Improper Labeling of Aplisol Vial
Penalty
Summary
The facility failed to properly label a multi-use vial of Aplisol in the medication room, as observed during a survey. The manufacturer's directions for Aplisol, a tuberculin purified protein derivative, specify that vials in use for more than 30 days should be discarded due to potential oxidation and degradation affecting potency. However, during an inspection of the medication room refrigerator, a multi-use vial of Aplisol was found open and undated, indicating non-compliance with labeling requirements. An interview with an LPN at the time of the observation confirmed that the vial was not dated and should be discarded. Further confirmation from the Director of Nursing reiterated that the vial should have been dated upon opening and discarded once expired. This deficiency was noted under the regulations for pharmacy and nursing services, highlighting a lapse in the facility's adherence to proper medication labeling and storage protocols.
Plan Of Correction
The undated multi-use vial of Apisol was immediately disposed of, and another multi-use vial was replaced. Residents who have orders for Tuberculosis (TB) skin test have the potential to be affected. Baseline audit was completed to ensure that Apisol vials were dated for 28 days after opening. Licensed staff were educated by Staff Development Nurse on the process for dating prescribed items when opened and their recommended expiration date. Monitoring will be captured through auditing prescribed items for dating items when opened with their recommended expiration date. Audits will be conducted 2 times weekly for 4 weeks on 4 medications, then once monthly for 2 months on 4 medications. The audits will be conducted by the Staff Development Nurse or designee. Results of the audits will be provided to the Administrator and be presented for review at the monthly Quality Assurance Improvement Committee (QAPI) meeting monthly for a period of three months. Any revisions to the audit plan will be reviewed and implemented with the coordination of the Interdisciplinary team at QAPI Committee meeting.

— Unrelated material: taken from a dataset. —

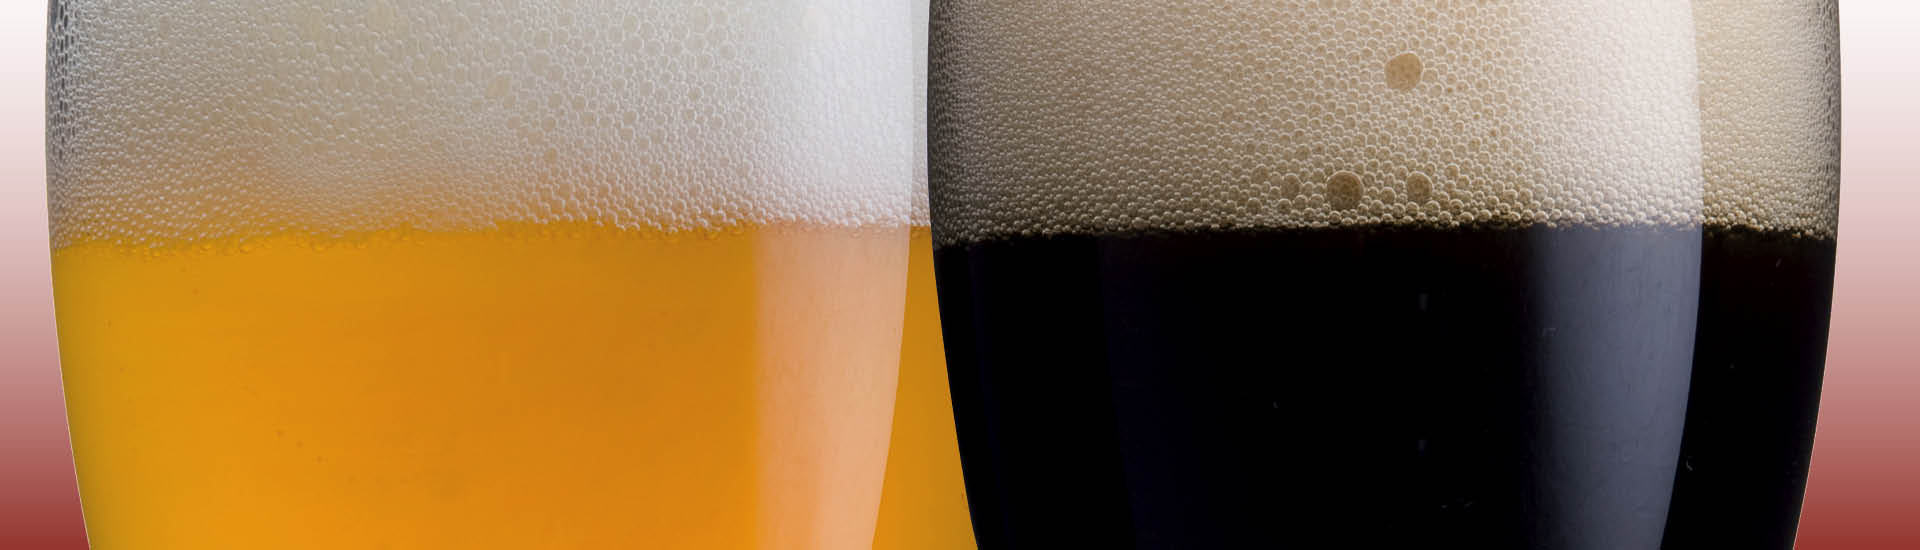 Biere - Biervielfalt: Hell vs. Dunkel! 05/2017 - Slider
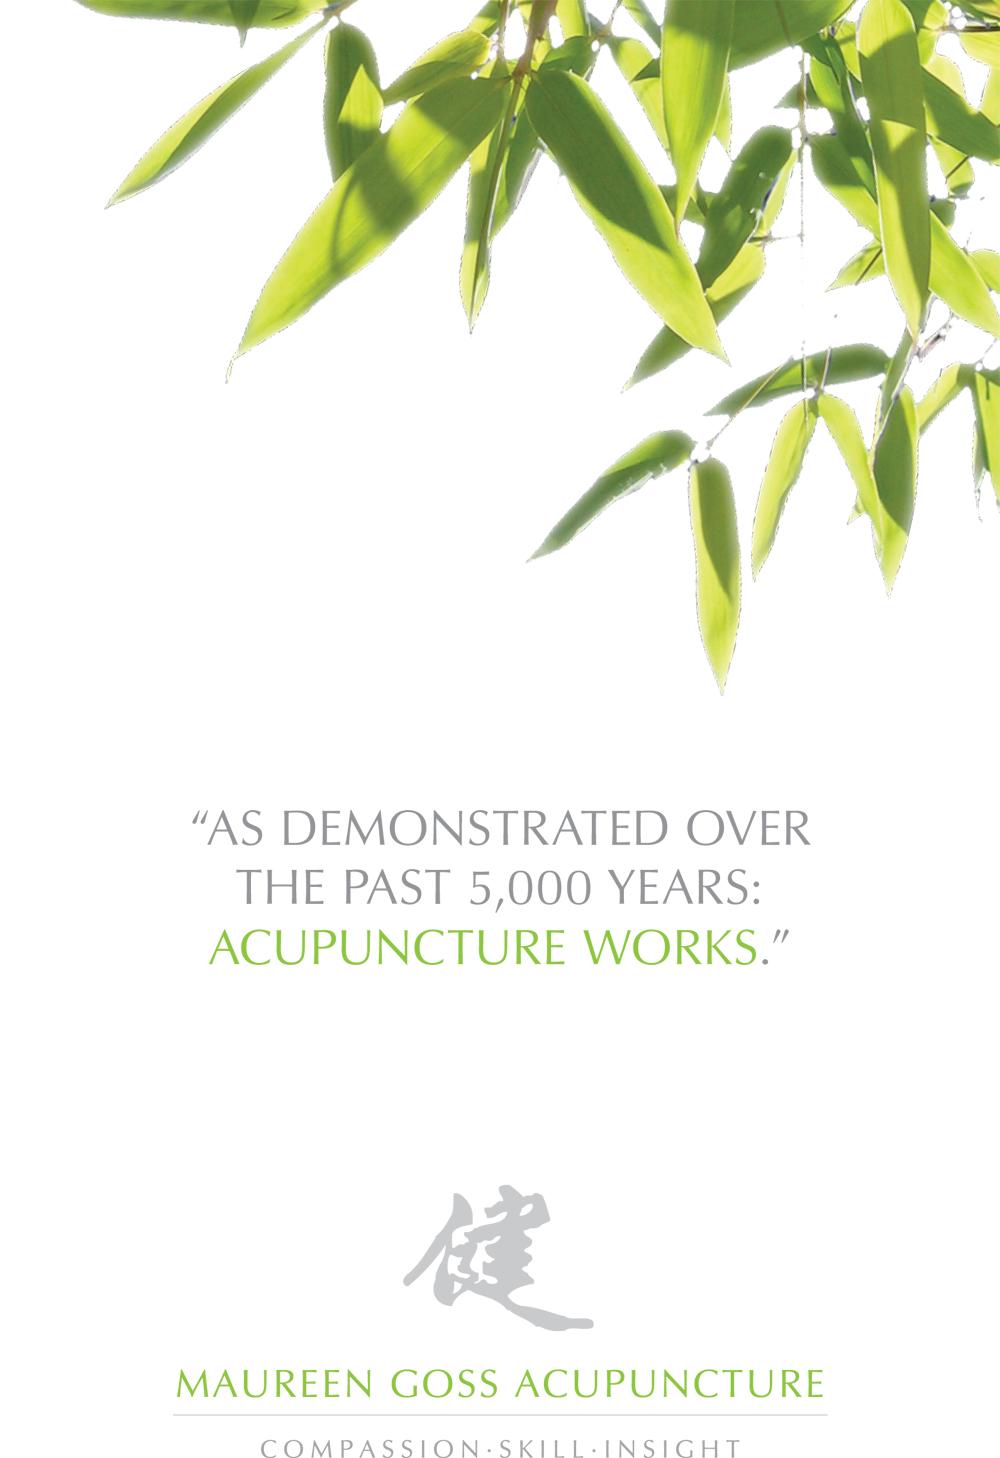 Maureen Goss Acupuncture, brochure, Tronvig Group

Failure to Complete Ordered Laboratory Tests
Penalty
Summary
The facility failed to obtain laboratory services as ordered by the physician for a resident. The resident, who was cognitively impaired and had a diagnosis of dementia, was noted to have a large bowel movement with red staining on the sheets. Following this observation, a physician ordered three stool samples to be collected for immuno-fecal occult blood testing, with instructions to record each collection in the resident's electronic health record and notify the physician if any results were positive. The first stool sample was collected and tested negative for occult blood. However, there was no documented evidence that the remaining two stool samples were collected and tested, as required by the physician's order. This was confirmed by an interview with the Director of Nursing, who acknowledged the lack of documentation for the remaining tests. This failure to follow through with the physician's orders resulted in a deficiency in the facility's laboratory services.
Plan Of Correction
Resident 29 - unable to retroactively address labs not obtained, MD notified. Residents who are ordered labs have the potential to be affected. Director of Nursing completed education to licensed nurses on the process for ordering labs included transcription to medication administration recorded/treatment administration and supplemental documentation (e.g. bowel movements). Monitoring will be captured through auditing lab orders. Audits will be conducted on 4 clinical records weekly for 4 weeks, then 10 clinical records twice monthly for 2 months. Audits will be conducted by the Director of Nursing. Results of the audits will be provided to the Administrator and be presented for review at the monthly Quality Assurance Improvement Committee (QAPI) meeting monthly for a period of three months. Any revisions to the audit plan will be reviewed and implemented with coordination of the interdisciplinary team at QAPI Committee meeting.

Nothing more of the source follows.